Negative equity, often referred to as “underwater” or “upside down,” applies to borrowers who owe more on their mortgages than their homes are worth. Negative equity can occur because of a decline in home value, an increase in mortgage debt or a combination of both.
Negative equity peaked at 26 percent of mortgaged residential properties in Q4 2009, based on CoreLogic negative equity data, which goes back to Q3 2009.
The national aggregate value of negative equity was about $282 billion at the end of Q3 2016, decreasing approximately $2.1 billion, or 0.8 percent, from $284 billion in Q2 2016, and decreasing year over year about $25 billion, or 8.2 percent, from nearly $307 billion in Q3 2015.

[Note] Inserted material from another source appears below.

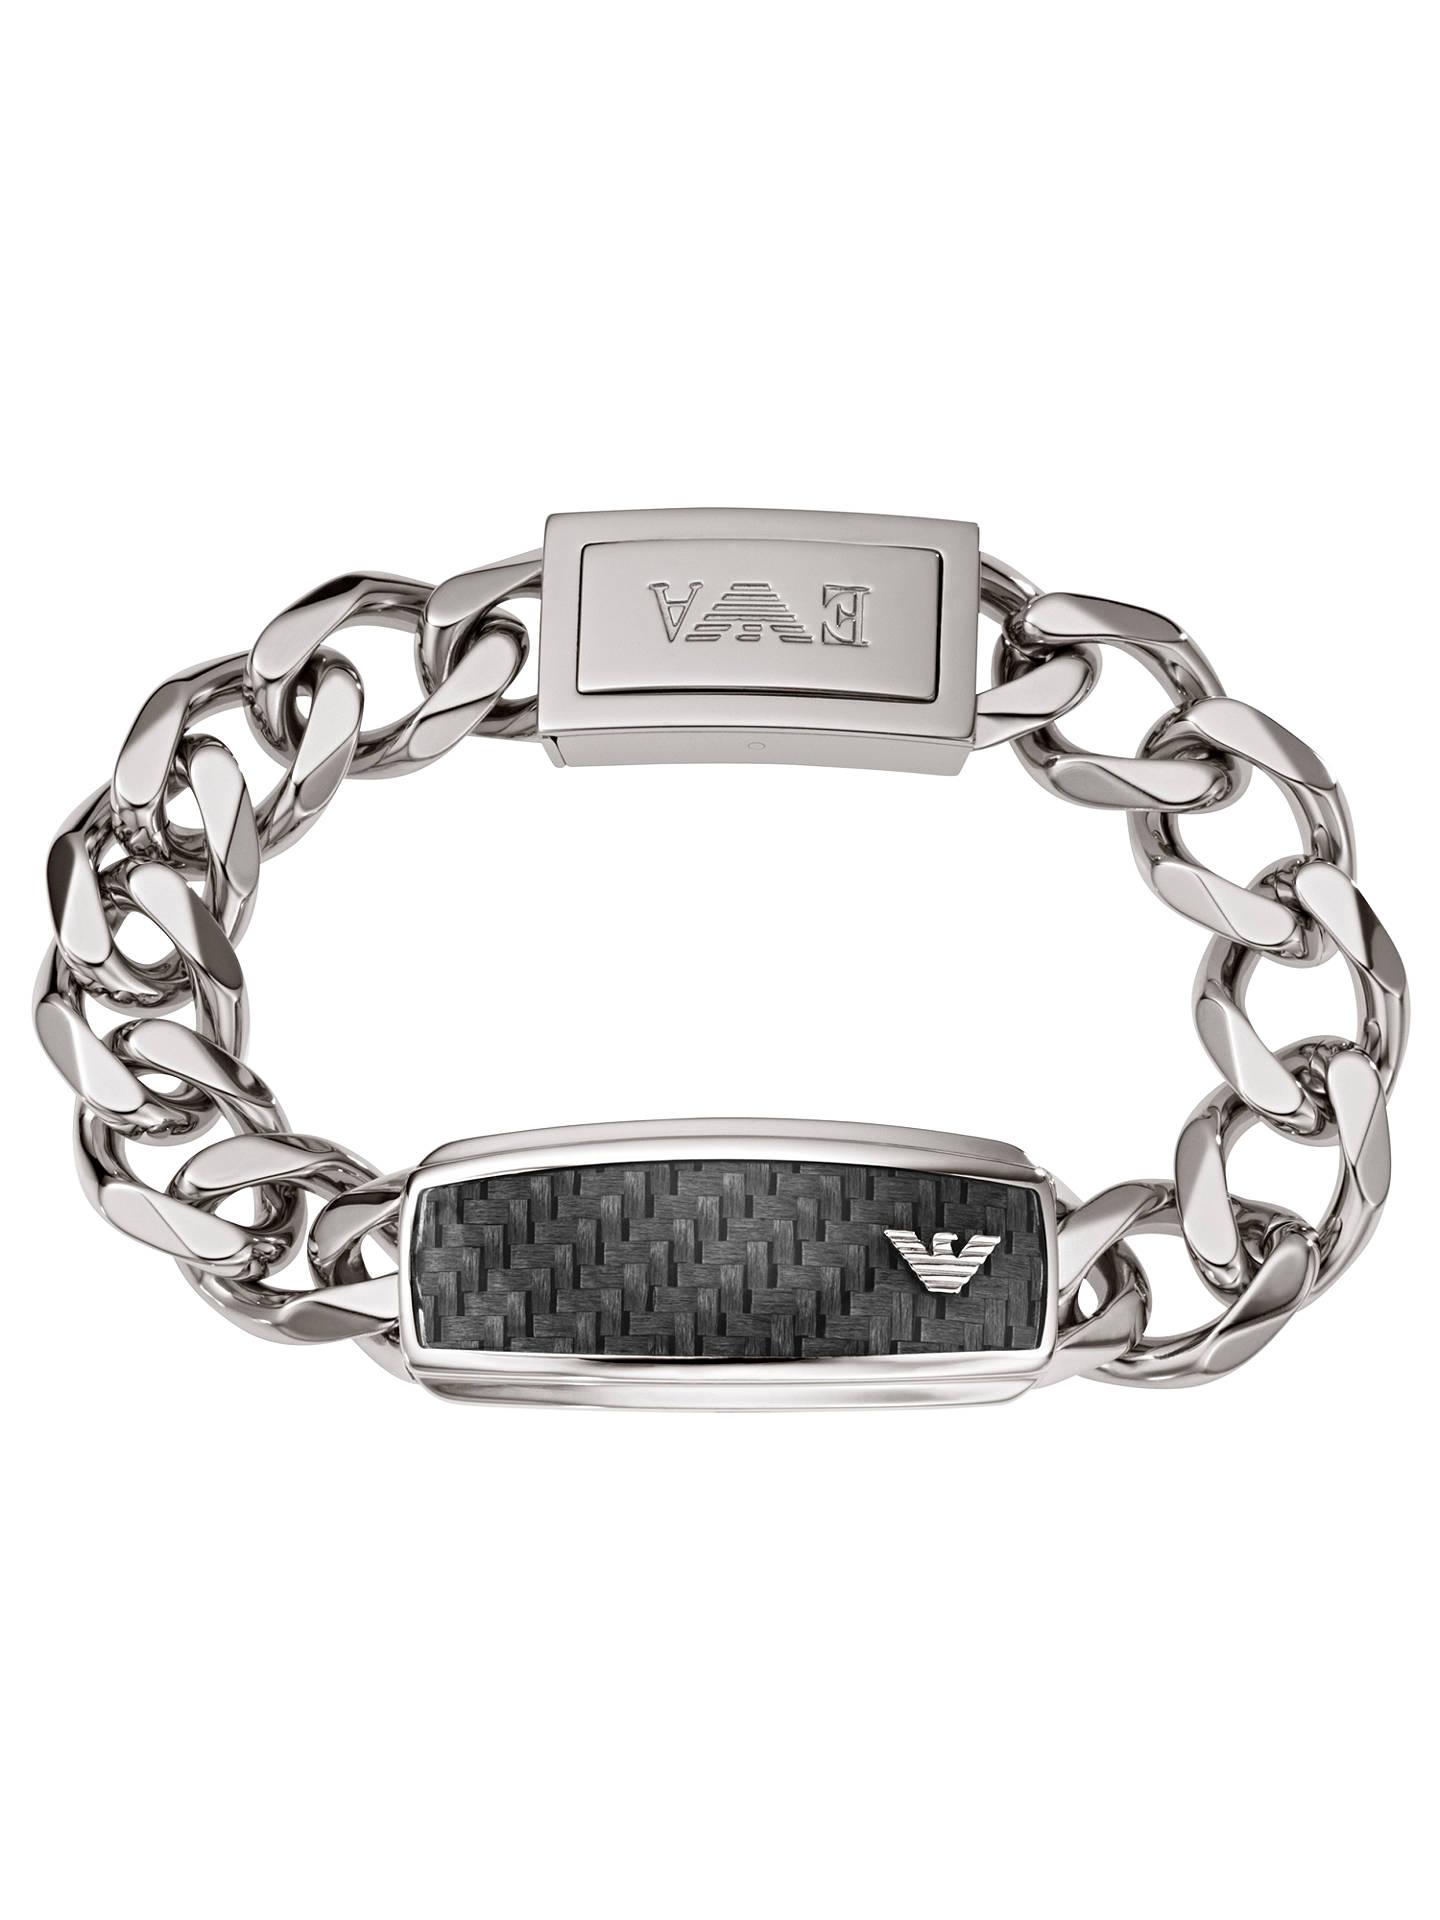 5a91b97c Emporio Armani Men's Stainless Steel Chunky Chain Bracelet, Black/Silver

“Home equity rose by $12,500 for the average homeowner over the last four quarters,” said Dr. Frank Nothaft, chief economist for CoreLogic. “There was wide geographic variation with homeowners in California, Oregon and Washington gaining an average of at least $25,000 in home equity wealth, while owners in Alaska, North Dakota and Connecticut had small declines, on average.”

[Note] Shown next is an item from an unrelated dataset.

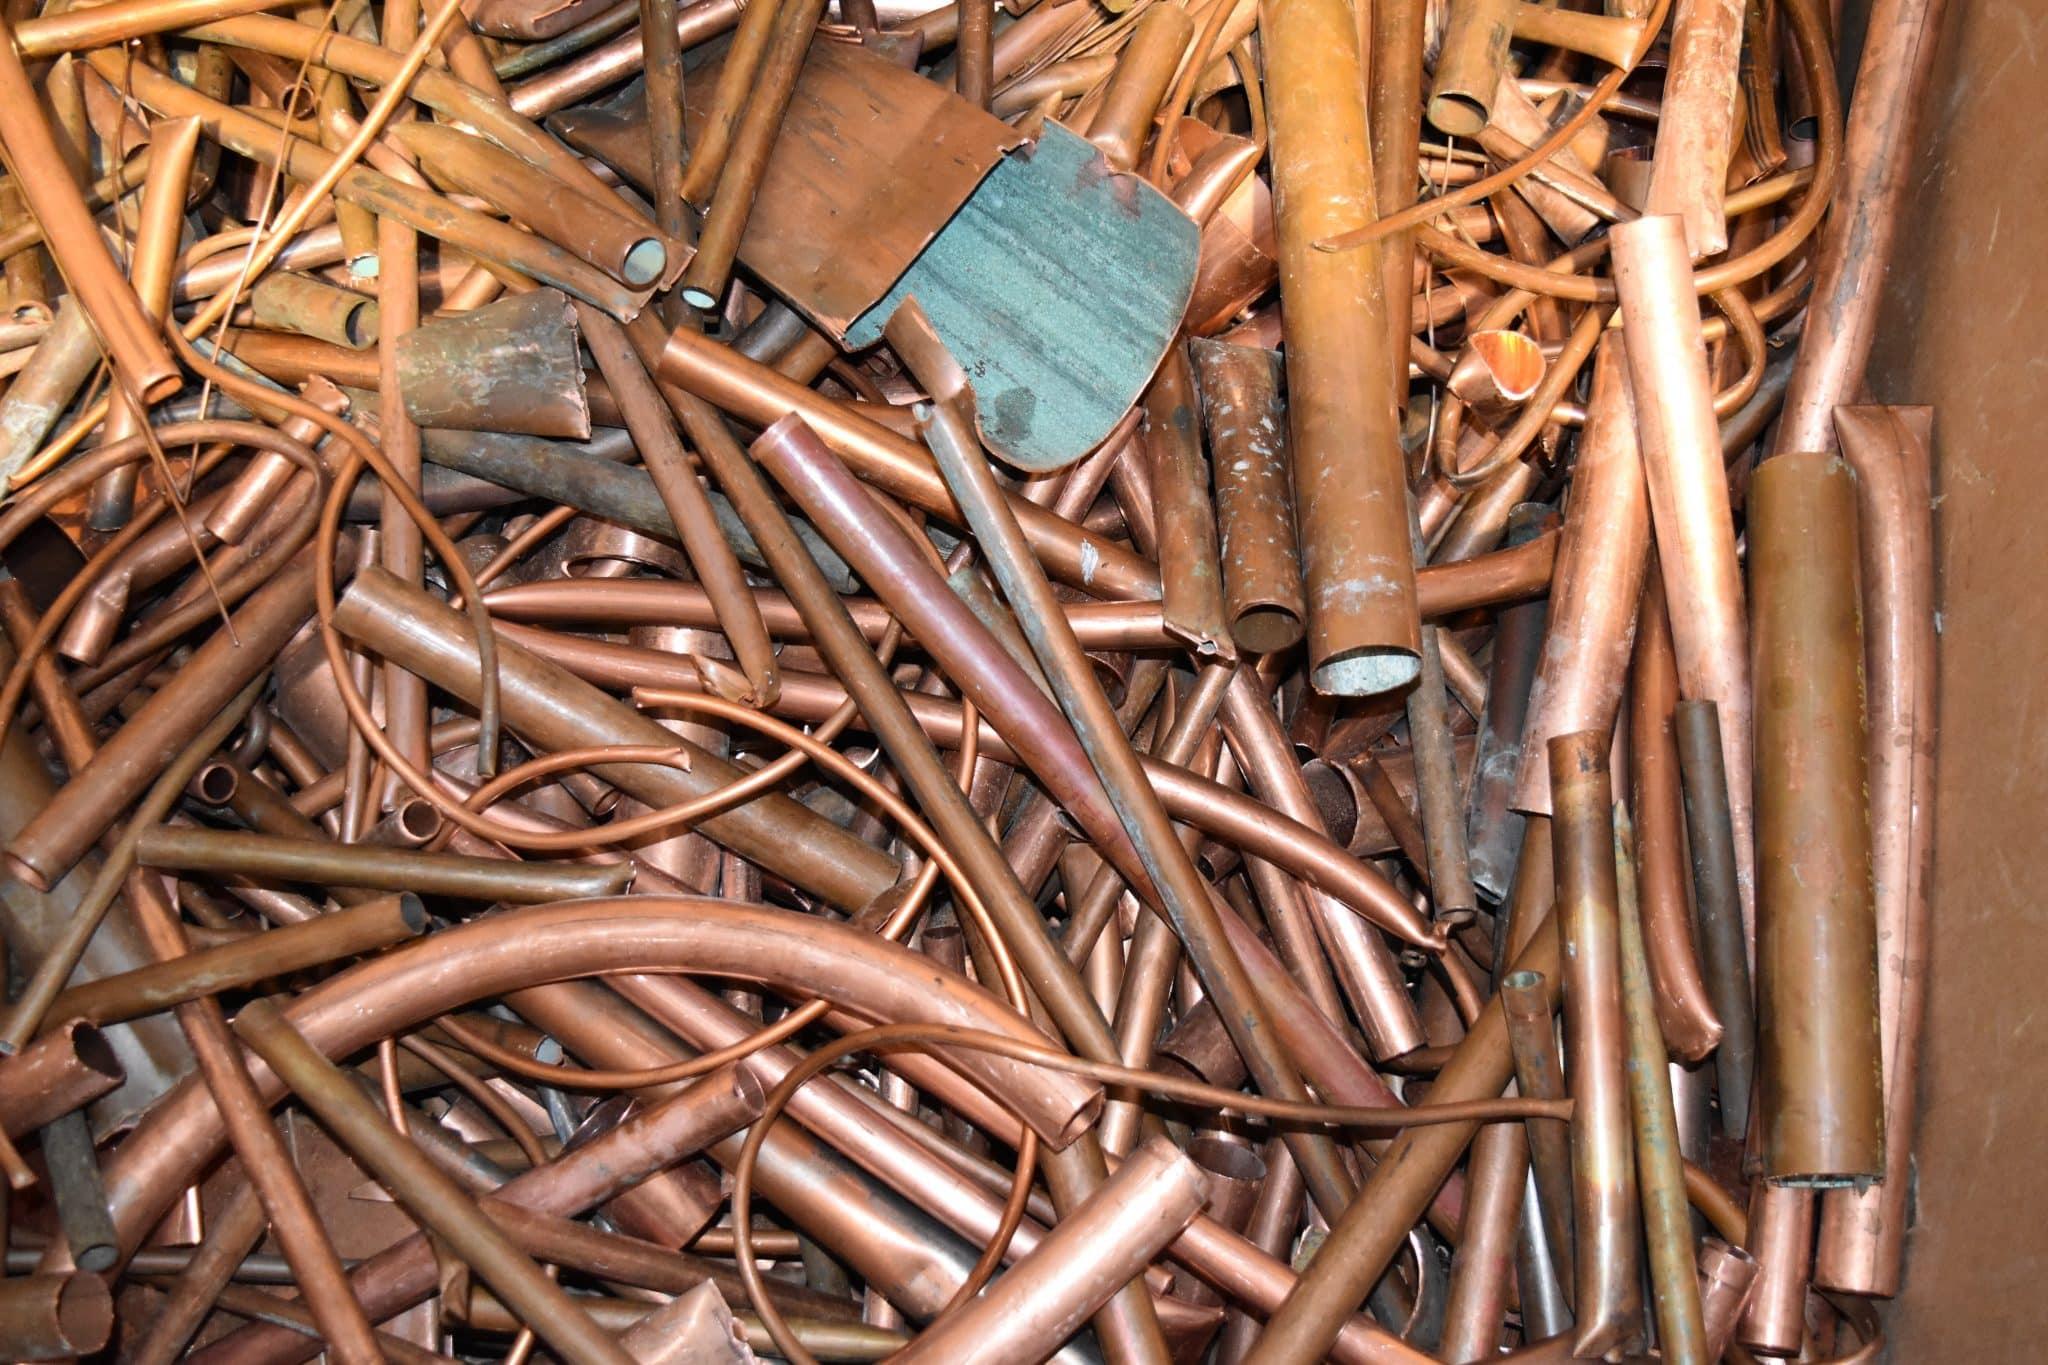 6/2/16 Scrap Price Update: Copper, Aluminum Both Drop ...

“Price appreciation is the main ingredient for home equity wealth creation, and home prices rose 5.8 percent in the year ending September 2016 according to the CoreLogic Home Price Index,” said Anand Nallathambi, president and CEO of CoreLogic. “Paydown of principal is the second key component of equity building. Many homeowners have refinanced into shorter-term loans, such as a 15-year loan, and by doing so, they have significantly fewer mortgage payments and are able to build equity wealth faster.”
Highlights as of Q3 2016:
- Texas had the highest percentage of homes with positive equity at 98.4 percent, followed by Alaska (98.1 percent), Colorado (97.9 percent), Utah (97.9 percent) and Washington (97.9 percent).
- On average, homeowner equity increased about $13,000, from Q3 2015 to Q3 2016 (for mortgaged properties). California, Oregon and Washington had increases of $25,000 to $30,000, while Alaska, Connecticut, and North Dakota experienced small declines.
- Nevada had the highest percentage of mortgaged properties in negative equity at 14.2 percent, followed by Florida (12.5 percent), Illinois (10.6 percent), Arizona (10.6 percent) and Rhode Island (10 percent). These top five states combined accounted for 30.6 percent of negative equity mortgages in the U.S., but only 16.3 percent of outstanding mortgages.
- Of the 10 largest metropolitan areas by population, San Francisco-Redwood City-South San Francisco, CA had the highest percentage of mortgaged properties in a positive equity position at 99.4 percent, followed by Houston-The Woodlands-Sugar Land, TX (98.5 percent), Denver-Aurora-Lakewood, CO (98.4 percent), Los Angeles-Long Beach-Glendale, CA (96.9 percent) and Boston, MA (95.3 percent).
- Of the same 10 largest metropolitan areas, Miami-Miami Beach-Kendall, FL had the highest percentage of mortgaged properties in negative equity at 17 percent, followed by Las Vegas-Henderson-Paradise, NV (16.2 percent), Chicago-Naperville-Arlington Heights, IL (12.2 percent), Washington-Arlington-Alexandria, DC-VA-MD-WV (8.7 percent) and New York-Jersey City-White Plains, NY-NJ (5.1 percent).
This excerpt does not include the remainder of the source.